As checked on June 22, 2026, Slim Tools has a very sparse public documentation surface. Most of what is publicly verifiable comes from the landing page at slim.tools. Where this guide goes beyond that, I explicitly call it an inference.
1. What Slim Tools is​
The public homepage describes Slim Tools as a:
- tool orchestration runtime for AI agents
- exposed through one MCP endpoint:
https://slim.tools/mcp - presenting two model-facing tools:
discover_toolsexecute_code
The core pitch is simple:
- the agent should spend context on judgment
- not on giant tool catalogs
- not on manual tool-call loops
- not on coordinating multiple upstream systems
In other words, Slim Tools tries to move tool routing and orchestration out of the prompt and into a runtime layer.

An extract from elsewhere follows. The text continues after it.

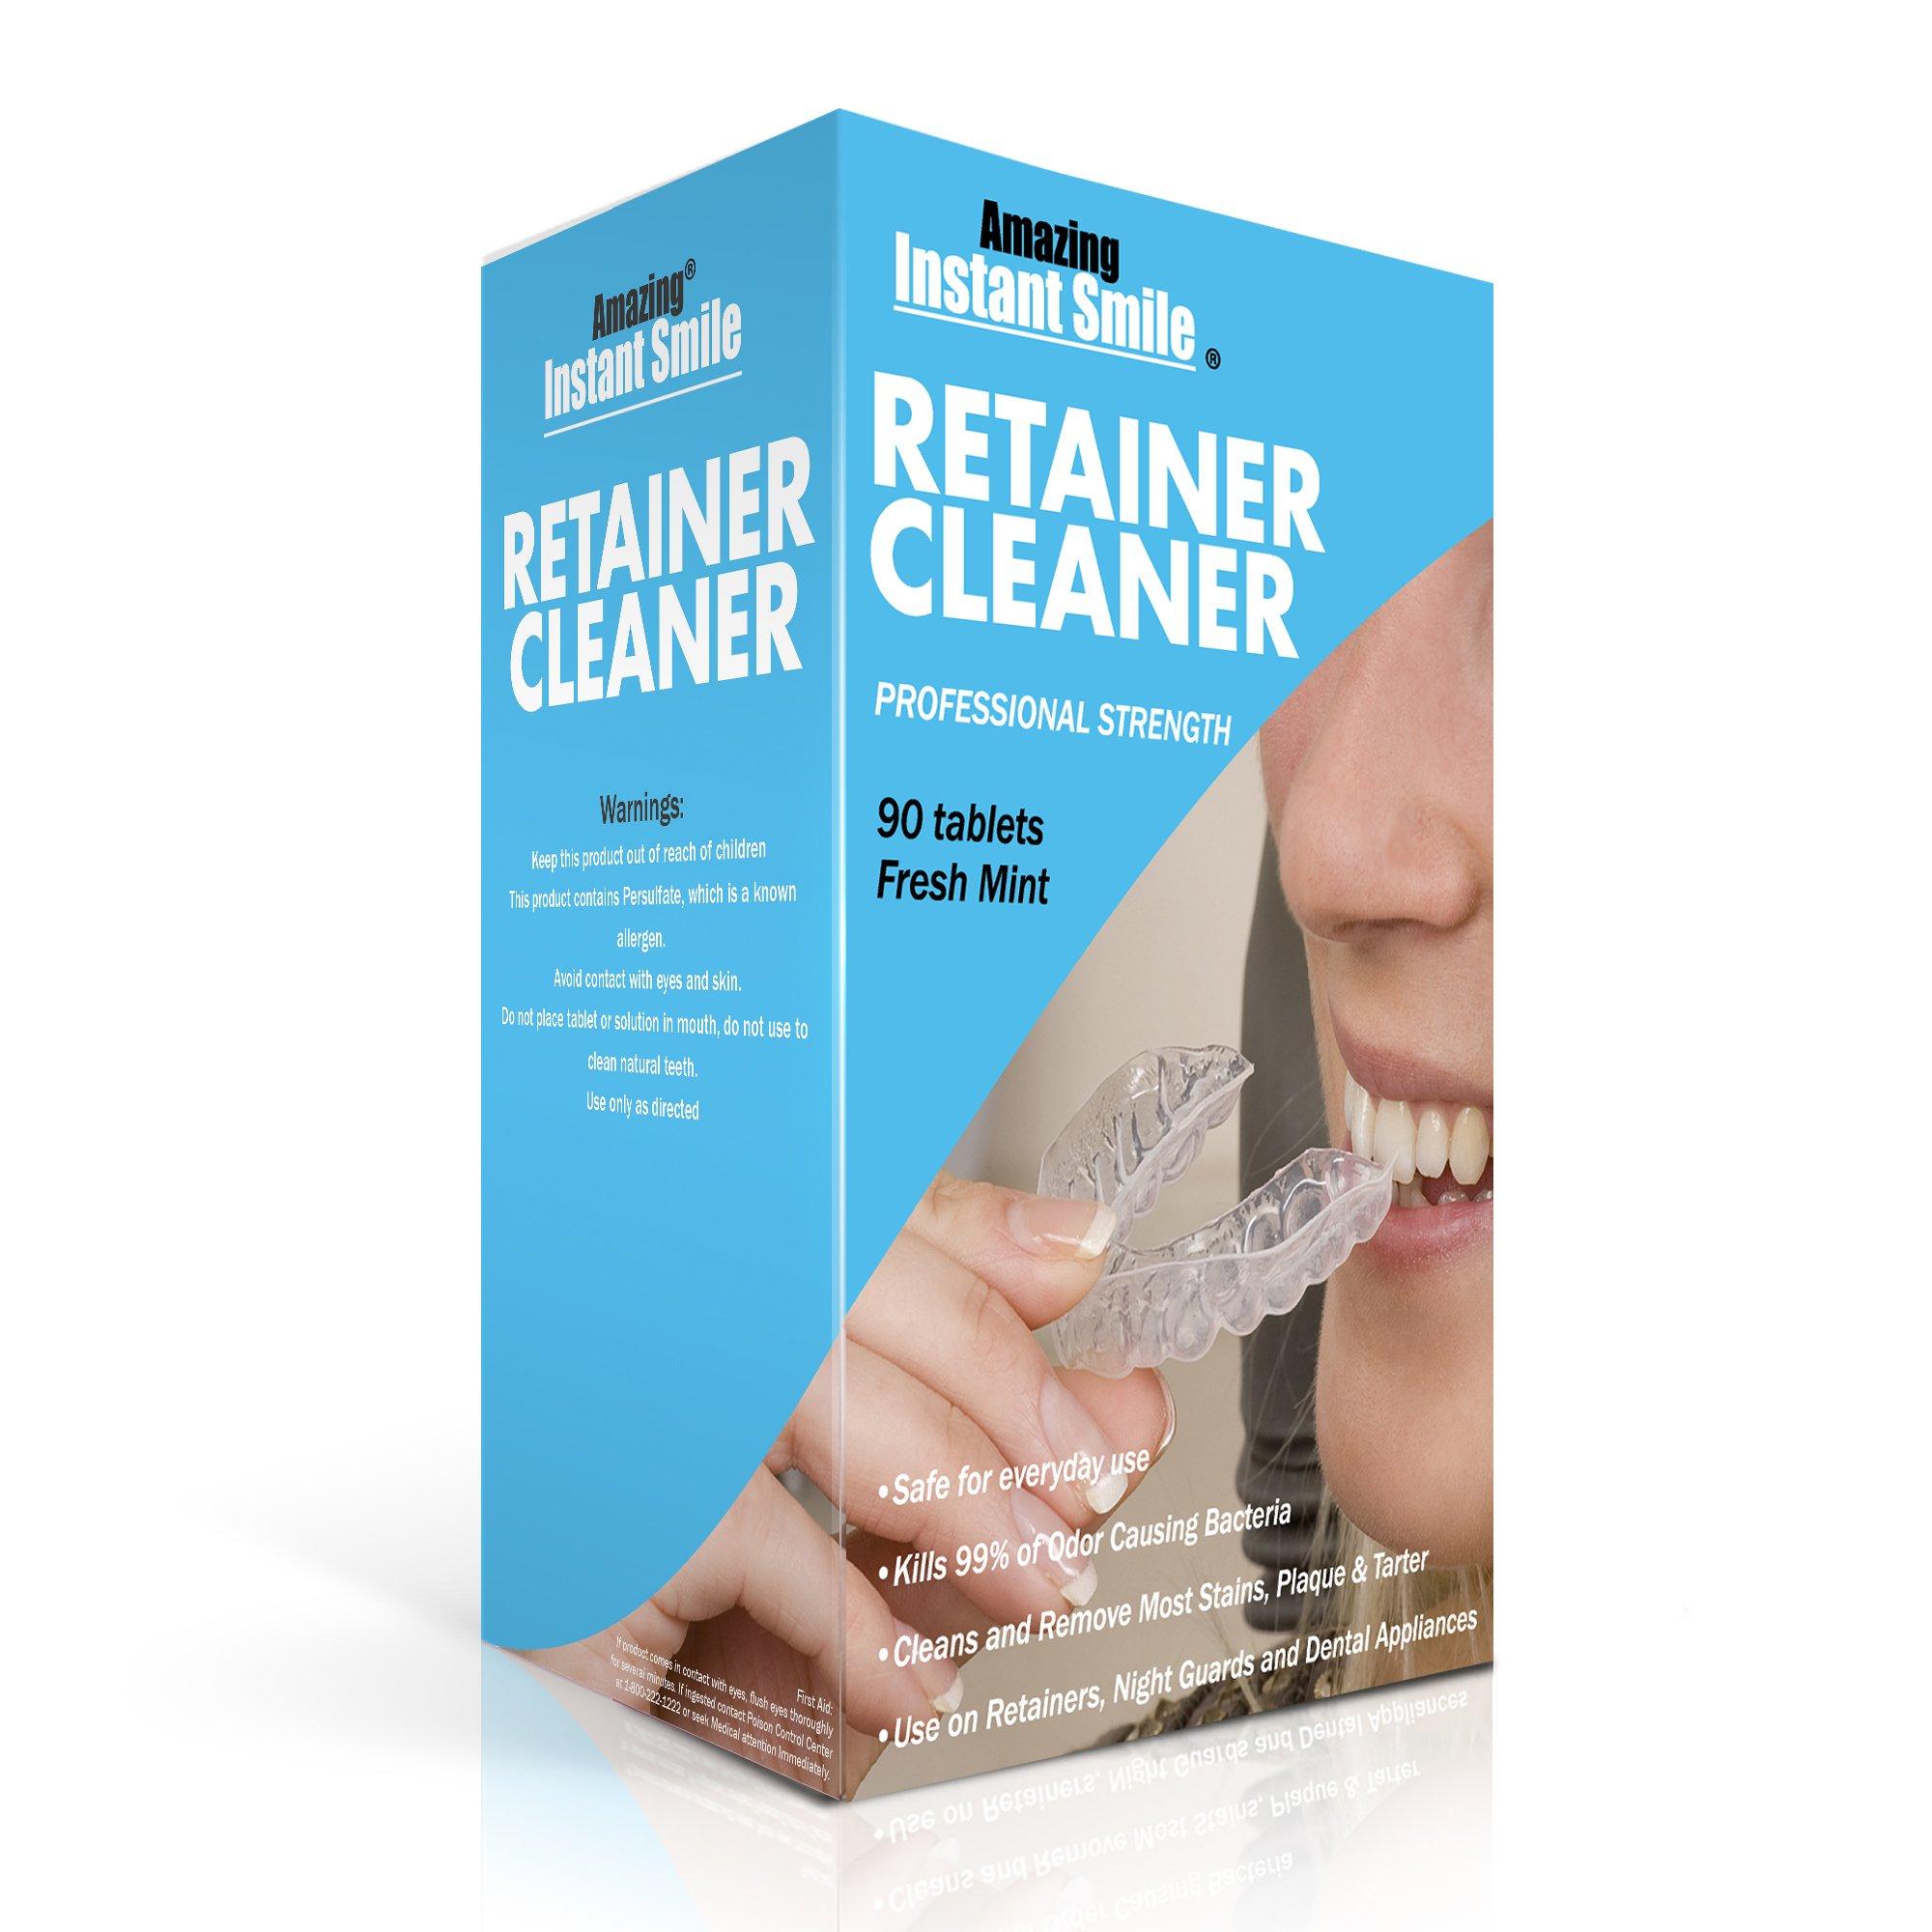 Amazing Instant Smile Professional Retainer Cleaner

2. What is publicly confirmed​
From the public site, Slim Tools currently claims:
- one MCP URL for agent clients such as Claude, Codex, and Cursor
- a model-facing interface centered on:
discover_toolsfor capability searchexecute_codefor sandboxed execution
- runtime handling for:
- service discovery
- branching
- batching
- filtering
- fan-out across MCP and OpenAPI services
- a sandboxed runtime
- handling of:
- OAuth
- whitelisting
- output limits
- logs
- tool-call metadata
The landing page also shows a currently indexed upstream catalog of:
- 8 upstreams
- 76 tools indexed
and visually lists integrations or OAuth connections for:
- GitHub
- Linear
- Notion
- Railway
- Stripe
- Figma
- Slack
- Cloudflare
Because those counts are dynamic, treat them as true for June 22, 2026, not as permanent product guarantees.
3. What Slim Tools is probably doing​
This section is an architectural inference from the public homepage, plus the official MCP and OpenAPI specs.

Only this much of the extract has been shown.